Мы все одновременно взглянули на заходящее красно-алое солнце, на запад.
— Недолго осталось ждать. Скоро будем учиться делать пассатижи. За каждые пассатижи будут платить по тринадцать копеек.
— Двести пассатижей, и жесткий вагон до детдома обеспечен, — перебивает Дрозда Казерук, — всего лишь двести...

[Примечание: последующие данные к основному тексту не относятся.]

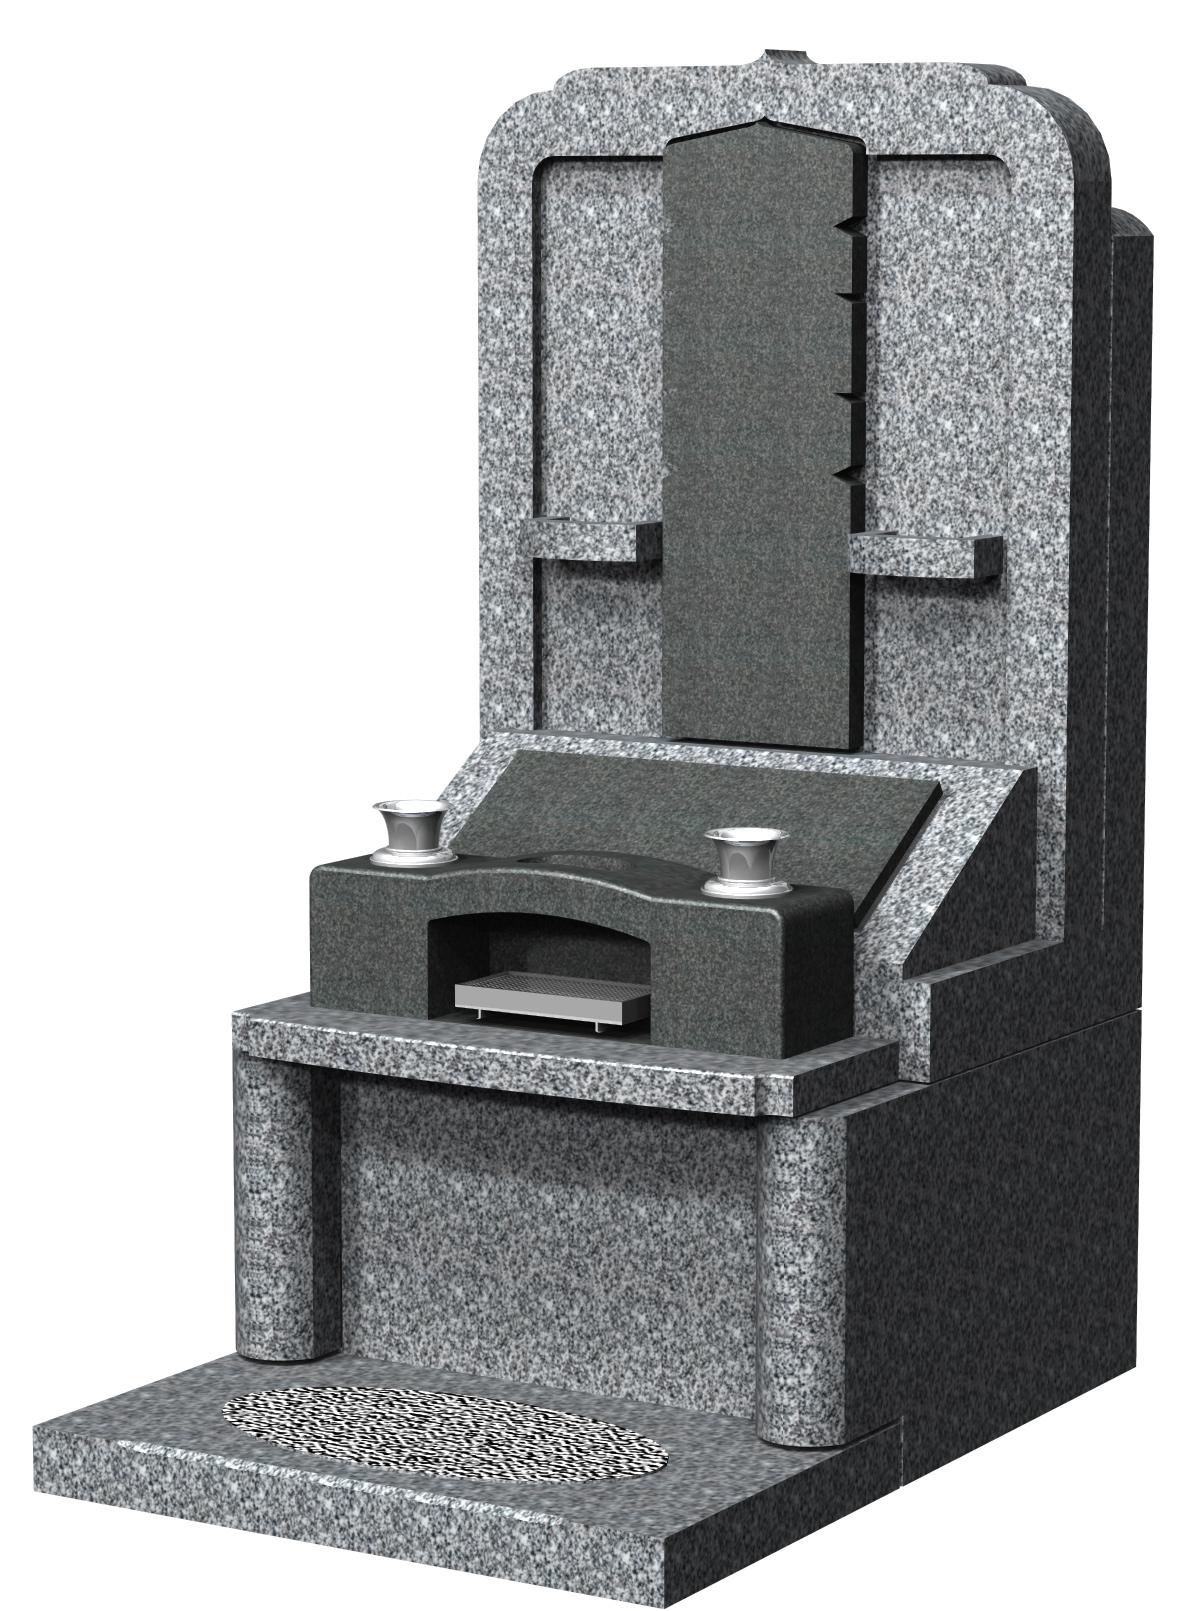 レンタル墓地・ロッカー式納骨室個別納骨室「ごえん特別区」
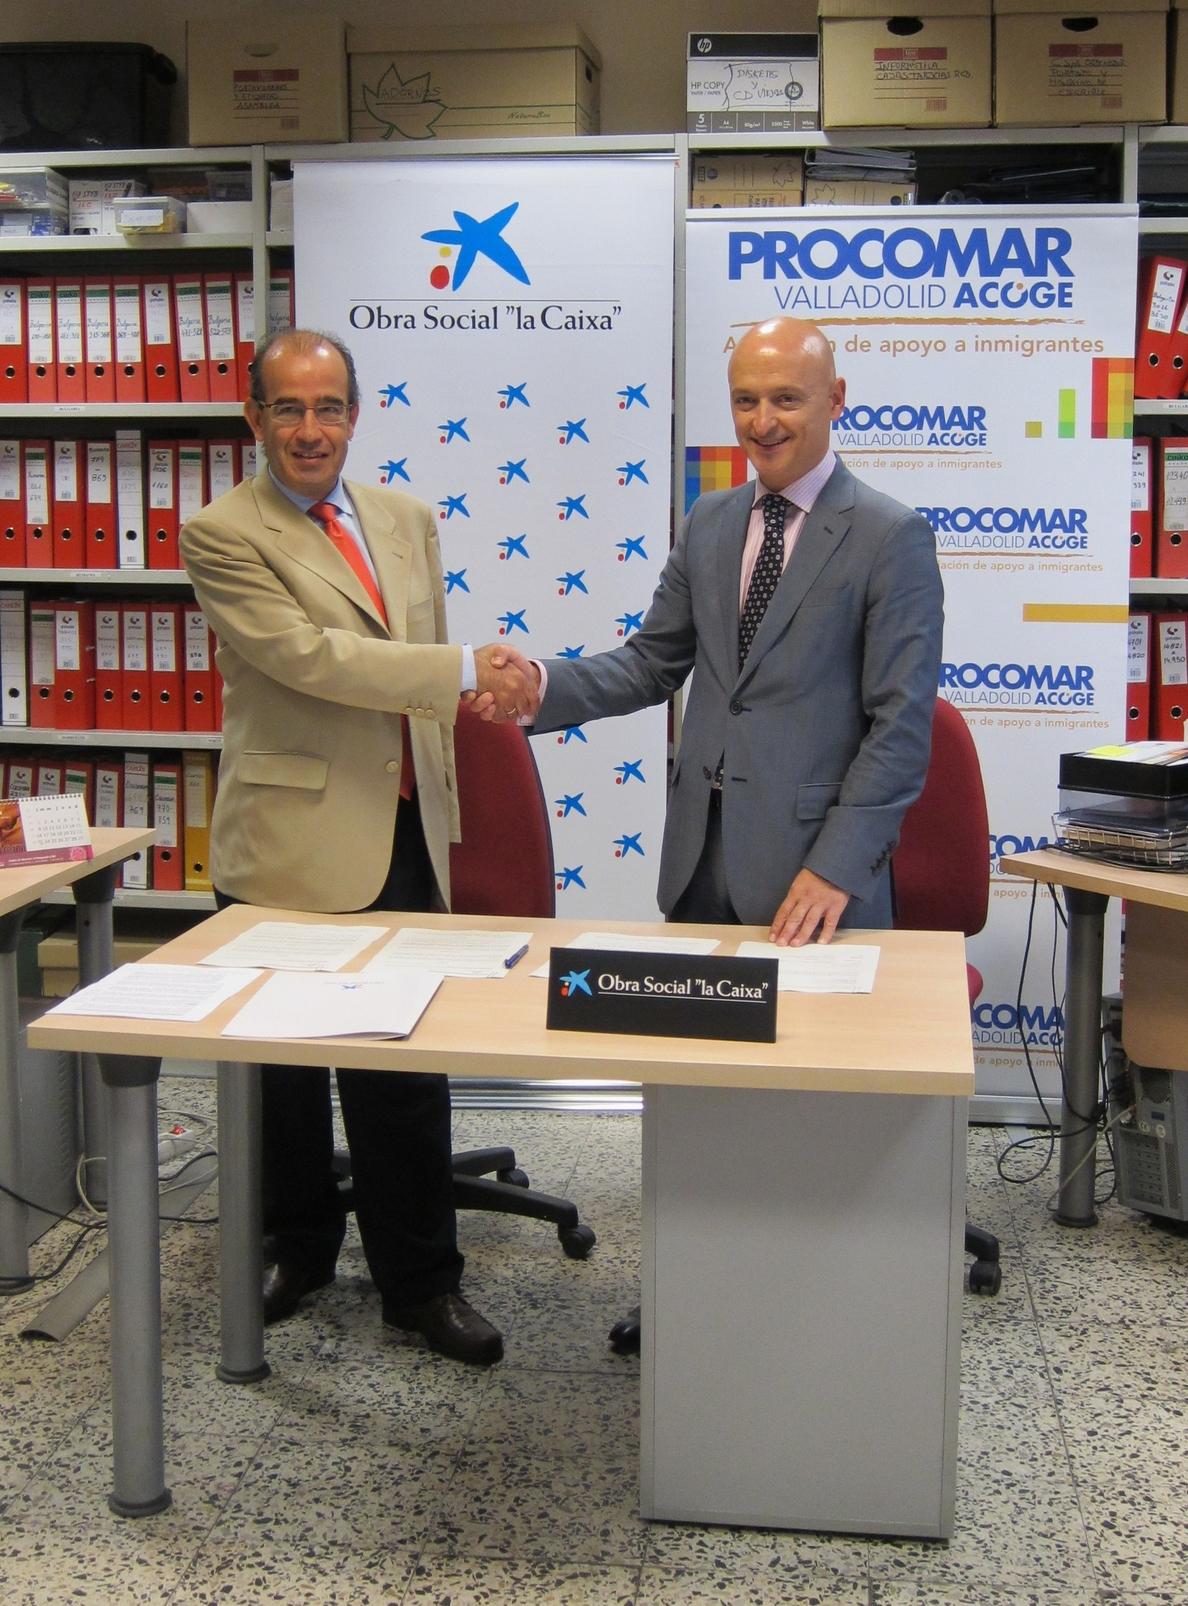 Procomar Valladolid Acoge hará frente a la vulnerabilidad de inmigrantes de larga estancia potenciando sus capacidades

— Сделаю, — поджимает губы Беленький.
Но до пассатижей еще далеко. Пока я колочу березовые чурки. Почему-то принято в каждом детдоме учить ребят столярному мастерству. Обучение начинается весной, с прилетом птиц, со скворечен. Неделю все детдомовцы пилят, строгают. Неделю по детдомовскому двору ветер кружит белую витую стружку и за сотни метров от детдома разносит густой аромат смолы. Возле столовой, жилых корпусов, сараев и мастерской — повсюду обрезки досок-шалевок. Руки, ноги ребят, их штаны и рубашки в прикипевших белых кружевах смолы. За скворечнями обычно следуют табуретки. Тут уж смола на одежде чернеет, энтузиастов столярного дела становится все меньше. Все реже заходит в мастерскую директор детдома, все чаще куда-то подозрительно исчезает мастер, обычно старик из столяров-самоучек. В его отсутствие ребята спешно сбивают себе чемоданы. Страсть у детдомовцев к чемоданам такая же, как у старух к сундукам. Оно и понятно — все вокруг государственное, то есть мое, но только не совсем лично мое, а общее, или по-детдомовскому, казенное. От зубной щетки до носового платка. А так хочется, чтобы у тебя было что-нибудь по-настоящему только твое. Пусть даже это твое — никому не нужный хлам с городской свалки: книга без переплета, ржавый болт, перегоревшая лампочка. До чего же хорошо, когда опустеет комната, вытащить из-под кровати чемодан, оглядеться по сторонам и раскрыть его, посмотреть и погрустить над своим богатством. А потом спрятать чемодан от всевидящего ока воспитателя. Он каждый день утром, в полдень, перед отбоем, зимой, летом, осенью будет приказывать тебе: «Не захламляй комнату, сдай чемодан в кладовку...»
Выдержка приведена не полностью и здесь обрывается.